Officials in Australia have set the stage for a pair of firsts by registering a biosimilar monoclonal antibody (mAb) and recommending it for pharmacy-level substitution. The decisions mean Hospira's Remicade copy is set to be both Australia's first biosimilar mAb and its first substitutable biological copycat.
Australia's Pharmaceutical Benefits Advisory Committee (PBAC) has cleared the path for Hospira's drug, Inflectra, to be substituted for Remicade by awarding it "a" flagged status. The recently created "a" flagging system allows the substitution of drugs that meet certain standards. While the plan has received criticism, leading to a reworking of its methodology, Australia is pushing ahead as it looks to biosimilars to generate savings for its Pharmaceutical Benefits Scheme (PBS)

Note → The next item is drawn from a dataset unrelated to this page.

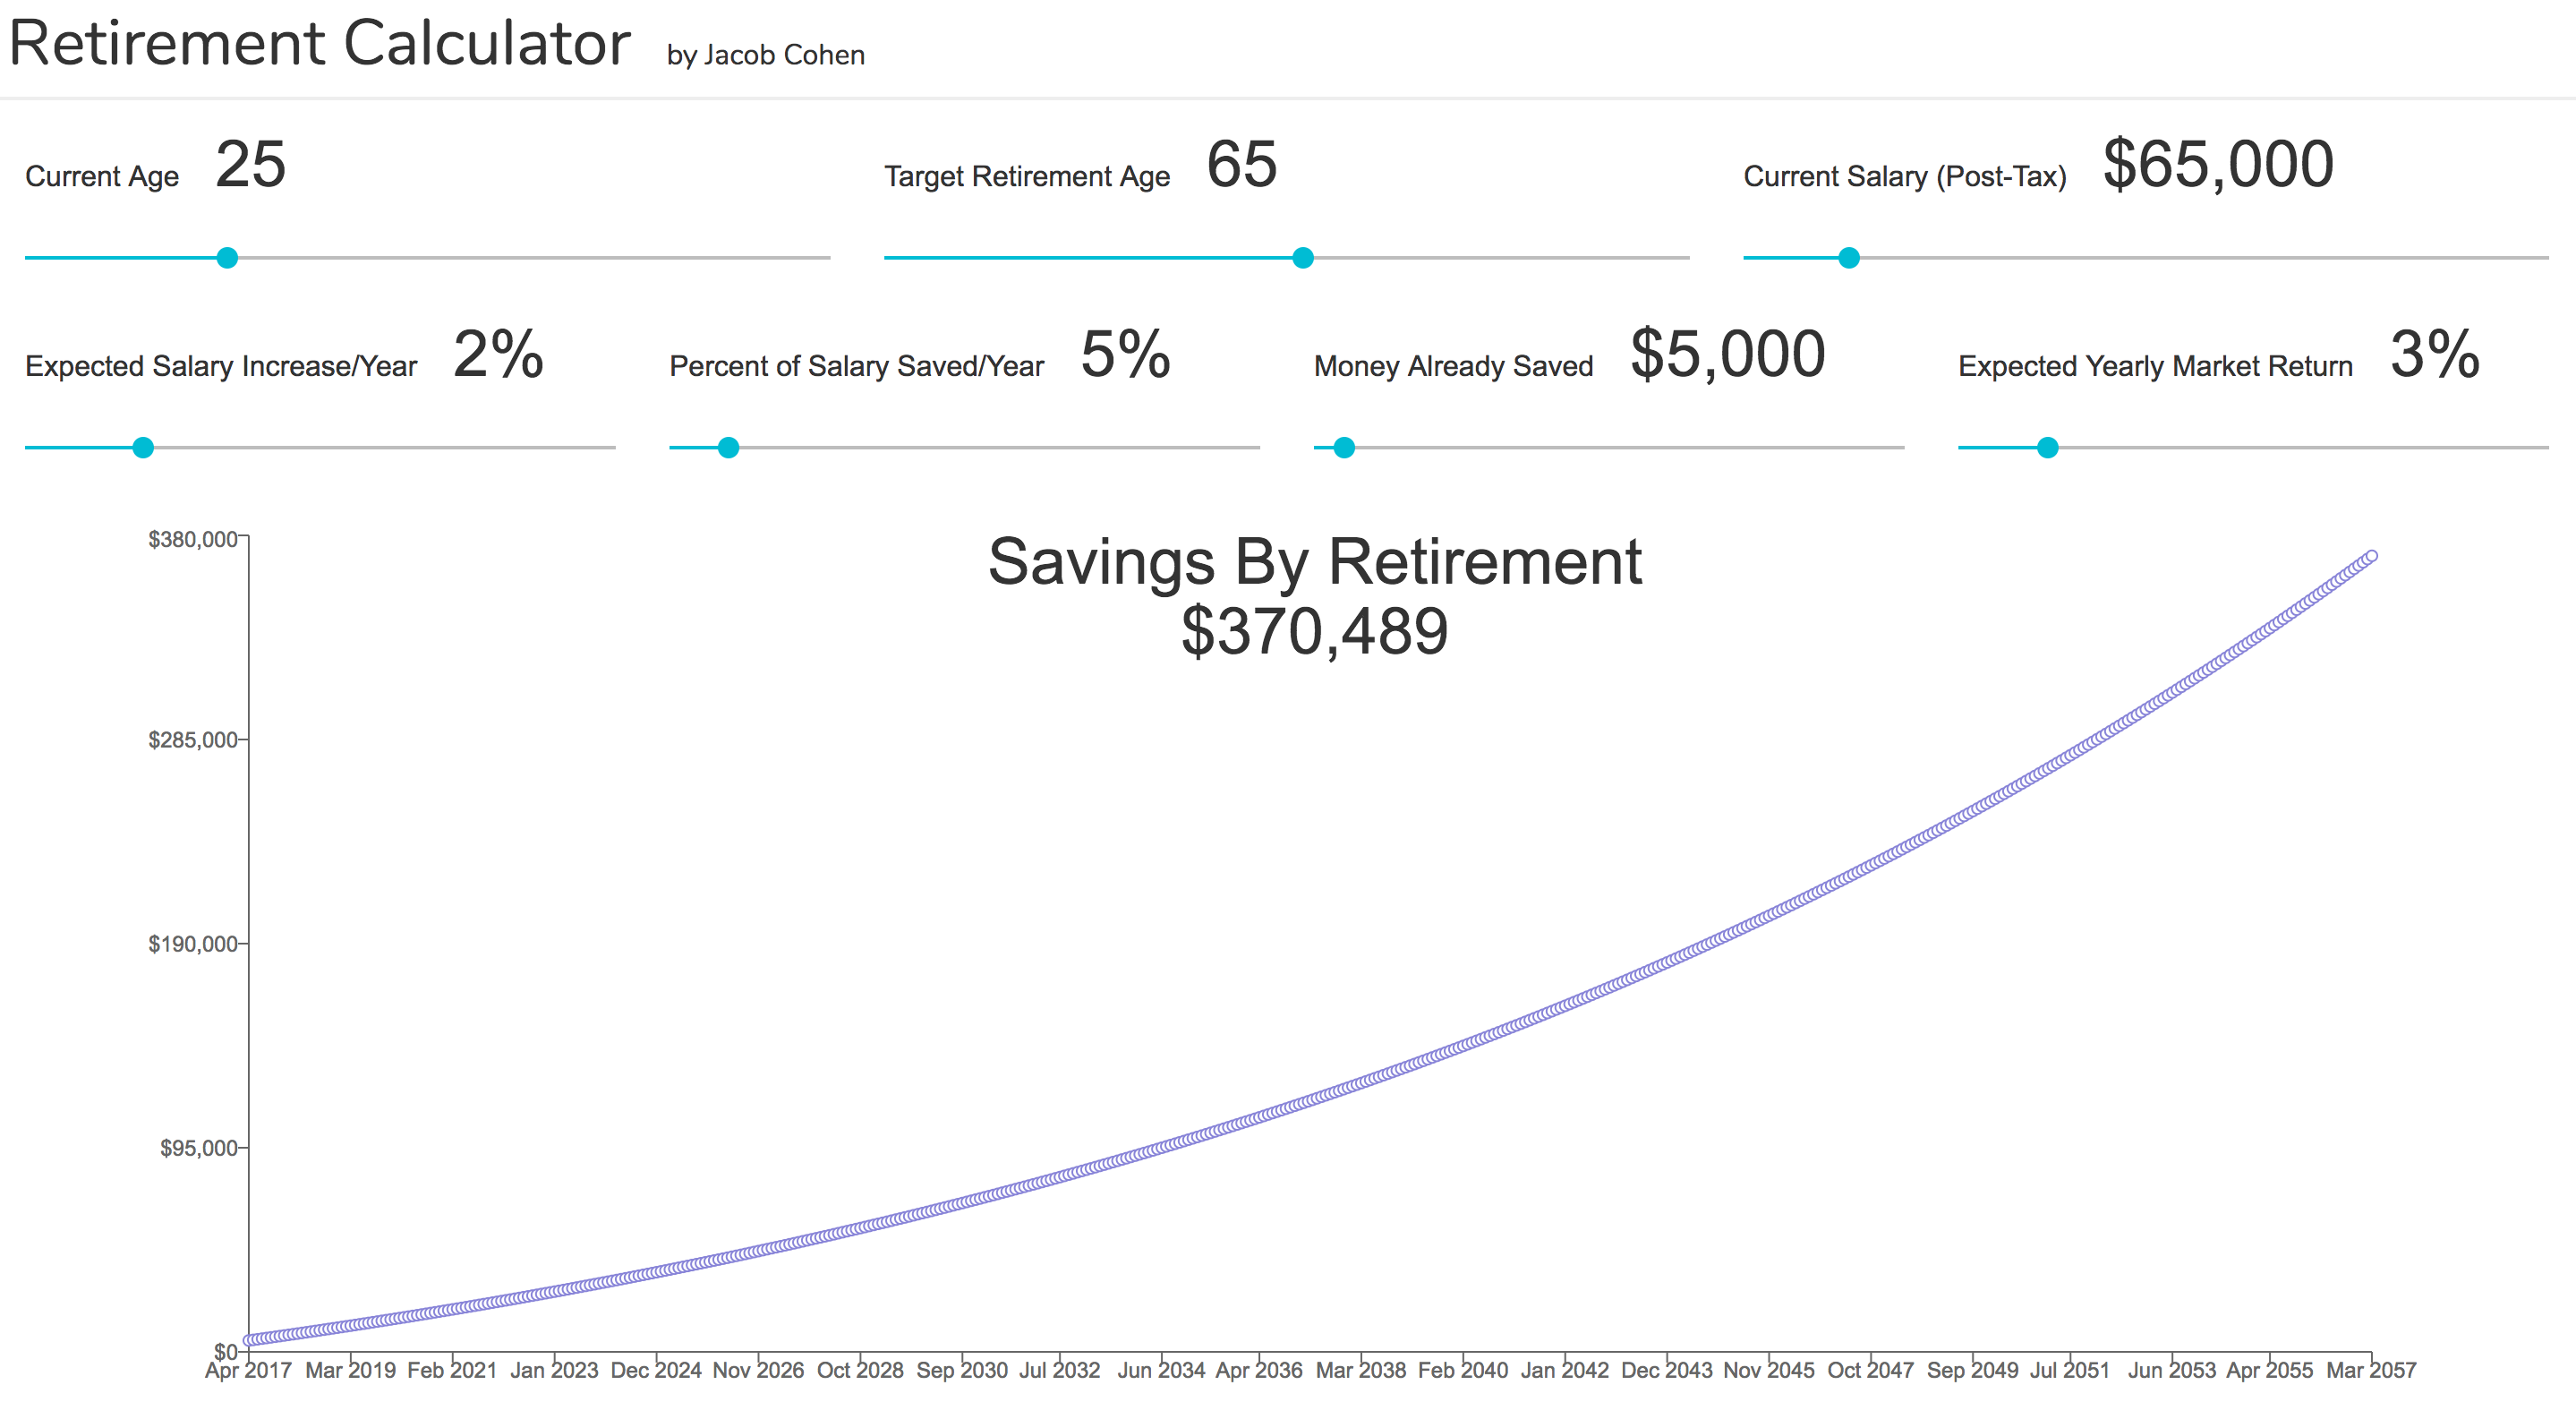 Basic Retirement Calculator

PBS spent AU$100 million ($73 million) on Johnson & Johnson's rheumatoid arthritis blockbuster Remicade last year. In a release to detail the registration news, Hospira talked up the potential for its copy to cut costs without going into the specifics of its pricing. The only figures mentioned were the general expectation that biosimilars will knock up to 30% off the price paid for drugs and PBS' ambition to save AU$880 million over the next five years by switching patients to copies of mAbs.
Press Release, PharmaDispatch
Members of a subcommittee set up by the Drugs Controller General of India (DCGI) are open to allowing the sale of prescription medicines online, The Economic Times reports. The news bodes well for the likes of Amazon and Flipkart, which stand to profit if regulators open up the online drug sales market.

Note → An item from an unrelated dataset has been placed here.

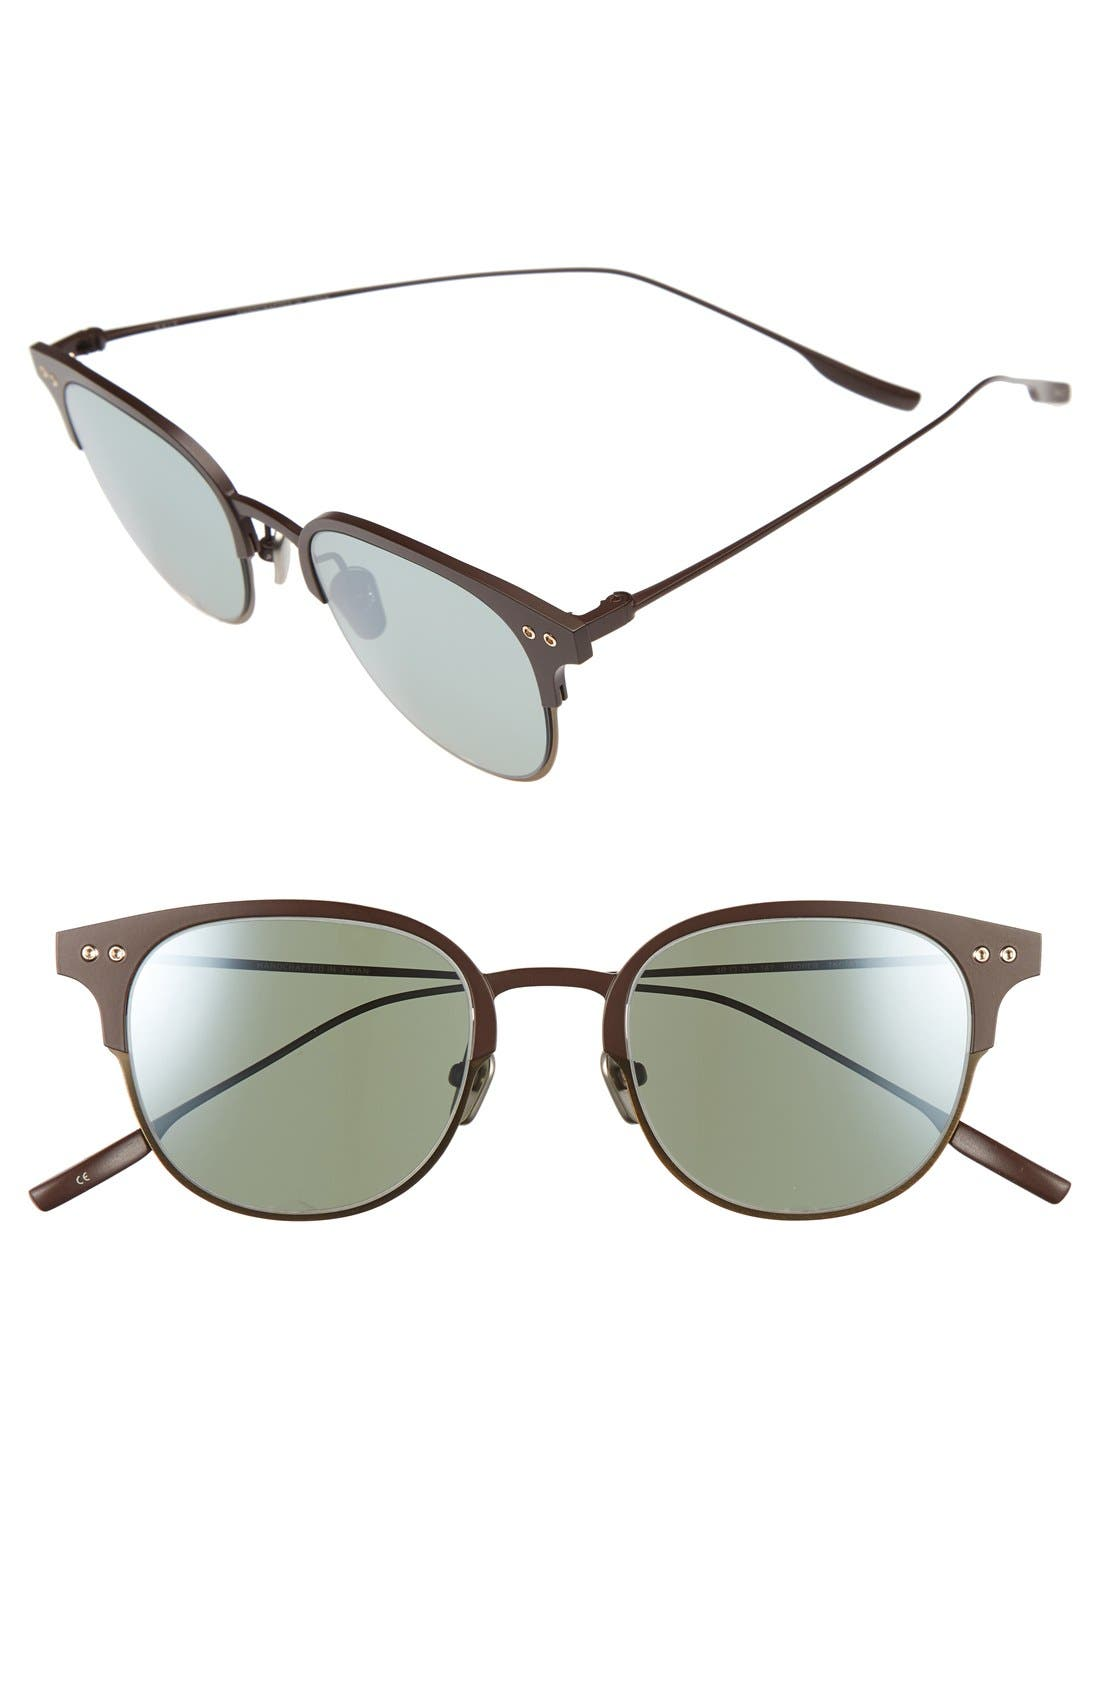 Hooper 48mm Polarized Sunglasses,                             Alternate thumbnail 2, color,                             220

DCGI set up the subcommittee in the wake of raids by Maharashtra Food and Drug Administration (FDA) on the online retailer Snapdeal earlier in the year. The raids led to allegations that Snapdeal was providing a platform for the illegal sale of prescription medicines, but also prompted India to rethink how it should regulate online sales of drugs. This rethink now appears likely to lead to an easing of restrictions on online retailers.
"Drug controllers of many states have submitted their proposals to the government. Majority members of the sub-committee are in favor of considering the pleas of trade bodies, pharmacy chains and e-tailers to allow online sale of medicines with adequate safeguards taking into account the global practices," an anonymous member of the DCGI panel said. Akun Sabharwal, director of Telangana's Drugs Control Administration, is among those in favor of allowing online sales.
The Economic Times
Chief Minister of Punjab Shahbaz Sharif has agreed to reconsider regulatory changes after the Pakistani pharma industry threatened to stop production in protest of the amendments. Shahbaz is setting up a committee of government officials, industry representatives and scientists to consider the topic.
While nothing is finalized yet, the backing down by Shahbaz represents at least a temporary victory for the Pakistan Pharmaceutical Manufacturers Association (PPMA), which was incensed by the proposed changes. The criticisms centered on punishments for producing substandard drugs, which PPMA felt were too harsh and conflated genuine mistakes with deliberate deception. Khawaja Shahzeb Akram, a representative of PPMA, went as far as to call the proposals tyrannical, Business Recorder reports.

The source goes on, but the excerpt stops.